For the past two years, the column has been turning the spotlight on India as an interesting area of ​​investment. It is true that in the last three decades it was China that attracted investment money from the developed world to the developing world and it is also true that since the late 1980s, when Chinese GDP was equal to Indian GDP, China managed to reach, in 2021, a gross domestic product 5.46 times higher. Of India but in the last two years India has managed to narrow the gap. Aliba’s forecasts India will end 2022 with 8.5% GDP growth while China will show 4.3%, “the start of a long-term trend” state experts and Western countries believe.

In 2017 and following China’s aggressive behavior in the areas of economics, trade and security, President Trump returned the US to a dialogue with Japan, Australia and India (frozen by the Obama administration) whose original goal was to stop the Chinese attempt to effectively take over the East Asian economy . The article we attached, Can India replace China as the world’s factory ?, was written in 2020 but is also true today. The trade wars, the corona, the Russian invasion of Ukraine and the supply chain crisis of which China played a significant part, have led to a situation in which India is fast becoming China’s potential replacement as a center of development, production and exports and investors believe this.

India, yet, cannot fill China’s place in the global economy, far from it. China continues to be the most important center of global value chains. Developed countries are all still dependent on supplies from China for the production of products they consume and export, but India has already become the major support provider of the information revolution, of the medical industry, entering itself into the semiconductor and automotive industries. Her prime minister recognized the potential that had suddenly developed, “with the huge investments in infrastructure we are making, education reform and most importantly the rigid regulation we inherited,” says Moody, “we can close the gaps and faster than you think” Equally important to this move is the growing American commitment to what Americans see as a deliberate Chinese attack on the U.S. economy and security.

The World Economic Forum in Davos illustrates this in a big way. As Gautam Adani, the founder and chairman of the Adani Group, the giant Indian conglomerate, said, “in the absence of some global business grants and the oppressive atmosphere in the shadow of the Russian invasion, economic pressures, etc.
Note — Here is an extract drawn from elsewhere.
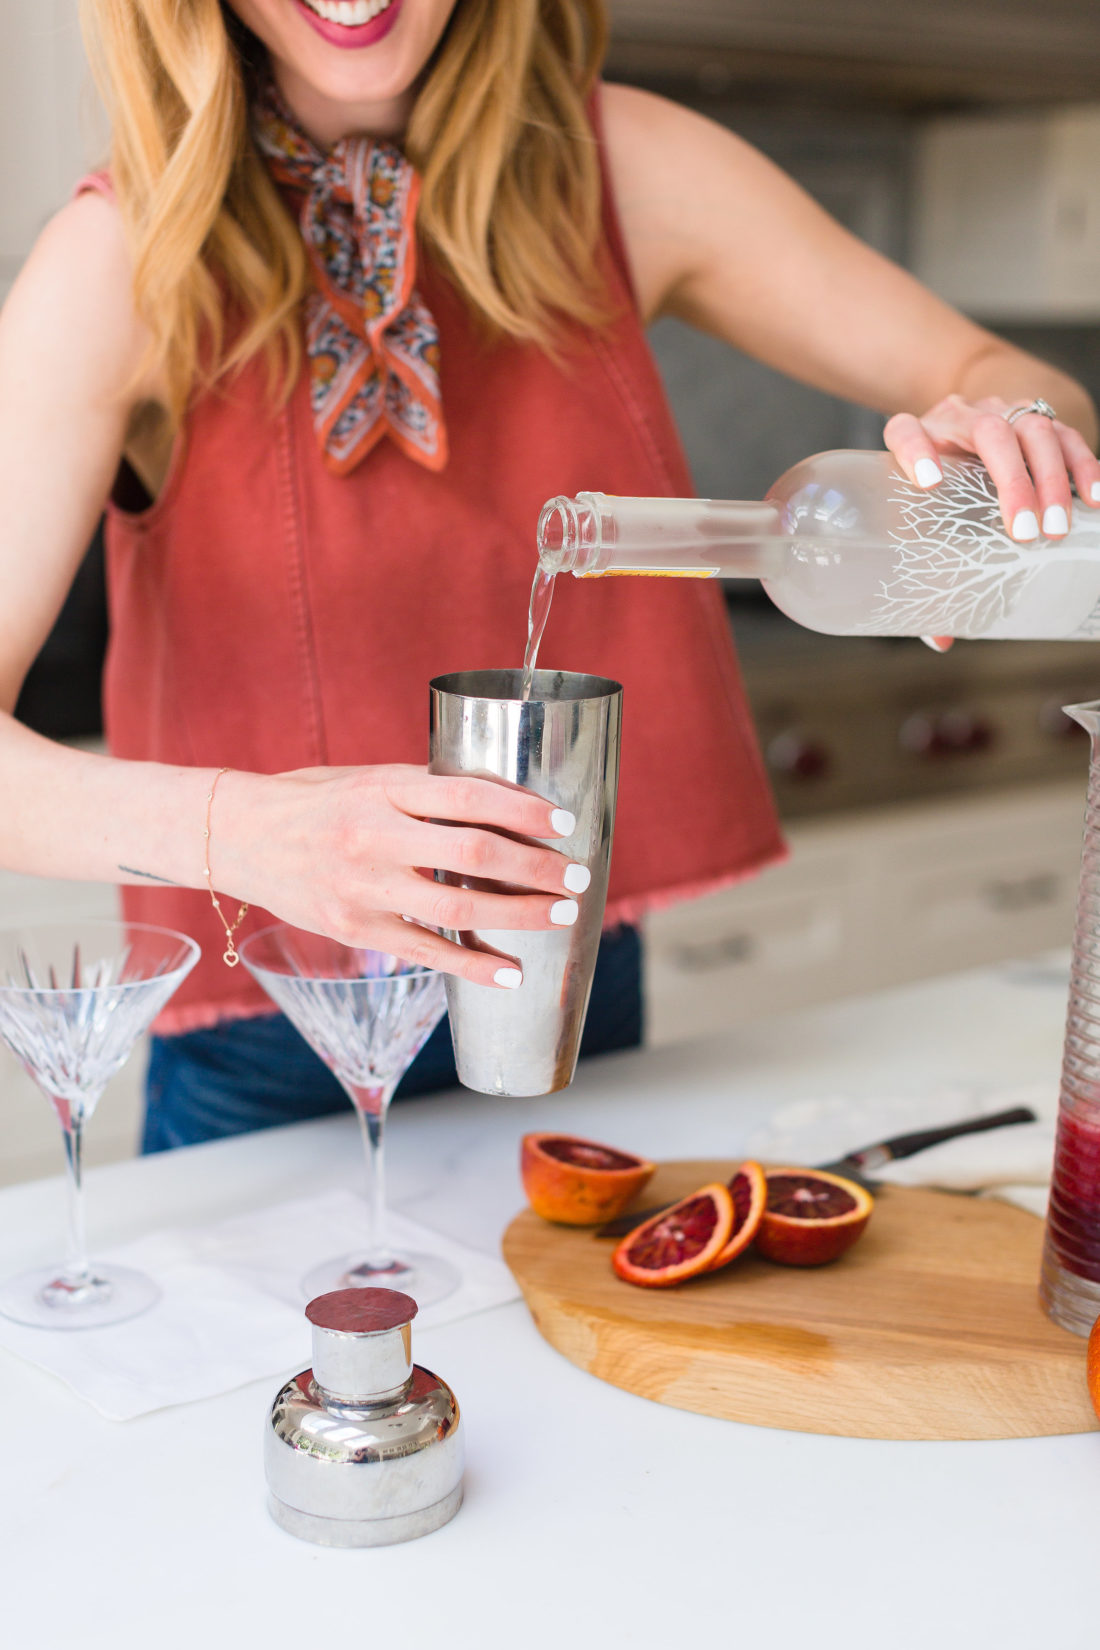 Eva Amurri Martino pours vodka in to a cocktail shaker to make blood orange and ginger martinis

India has emerged as the conference’s bright spot.” Huge companies like Goldman Sachs, Blackrock, JPM and more as well as leading politicians and gurus of various kinds “revived India the conference” with over 100 companies, dozens of leading politicians and other participants.

“India, for investors in assets,” said the founder of the prestigious Carlisle Investment Fund (NYSE: CG), David Rubinstein (whose investor must not miss his interviews in Bloomberg), “has recently become more attractive than China.” A Business Standard magazine representative concluded, “India has found itself at the center of many emerging dialogues, from climate change to crypto technologies. European business leaders have eagerly sought options for trade and investment diversification and India has been seen as the best option for most, thanks to its political stability and reformist policies. “India has managed to project itself as a politically stable, economically dynamic and growth-driven investment destination.” On the bold sentence, Moody (along with the US, Japan and Australia) builds the “China Replacement” route.

We therefore reiterate that India reaches a corner in the investment portfolio and only through a basket or fund from India-focused and preferably from the leading companies. Examples? The baskets INDA, INDY, PIN or NFTY and for those who invest in the euro there is INR.PA which invests in accordance with the Morgan Stanley India Index (TRS MSCI India) which includes the large and medium companies in India and whose performance, for some reason, is better than the rest, you can see in the index. By the way, these baskets, which have lagged behind the P&S index for the past five years, are steadily narrowing the gap and since the beginning of the year, they have all beaten the index (decreased less significantly).